In the last post I mentioned that Joey Marianer and I sang ‘I Love Your Body‘ on the Open Phil Broadcast on Radio Orange. During that interview we promised to perform it at the Open Phil open mic that was coming up, so we did:

You can skip to 6:48 if you don’t want to hear me explaining who Joey is, pretending I’m not thrilled that he sets my words to music, and talking about my YouTube channel and Jonathan Coulton’s transition from code monkey to internet superstar, followed by Joey challenging Lill to a laugh-off and finding good positions for the microphones with help from Grey Sweater Guy.

I set the stage before this with another slightly disturbing love poem, Don’t Slip on the Ice, but it’s not the first time I’ve performed that one on stage, or even the best performance of it on video, so you’ll have to click on the link if you want to see it.

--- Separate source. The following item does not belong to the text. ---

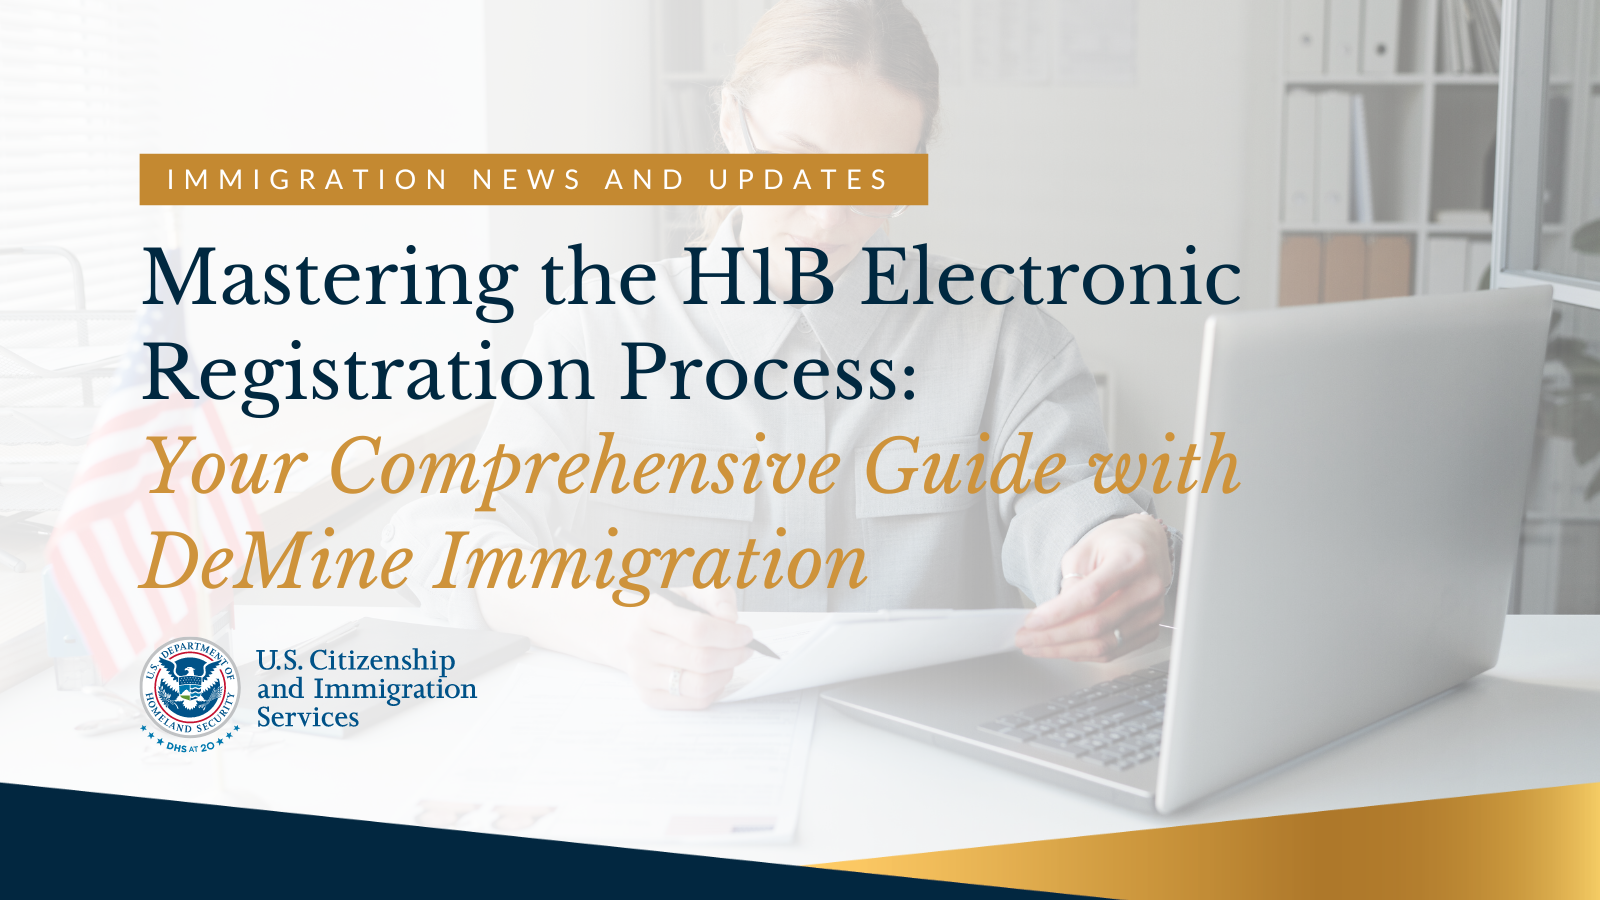 Mastering the H1B Electronic Registration Process: Your Comprehensive Guide with DeMine Immigration

After we finished this song, I cajoled Joey into singing The Elements by Tom Lehrer, which he had previously planned to sing but didn’t feel up to doing in the moment. He got me back for that by getting me to sing it with him when it turned out he was indeed not quite up to it in the moment:

This is one of those songs, like Chicken Monkey Duck (which, technically, I have also sung on stage, but it feels more like a rap), where you can amaze people just by knowing the lyrics, so confidence in singing ability (of which I have very little) is not essential, though it is quite difficult to sing fast enough.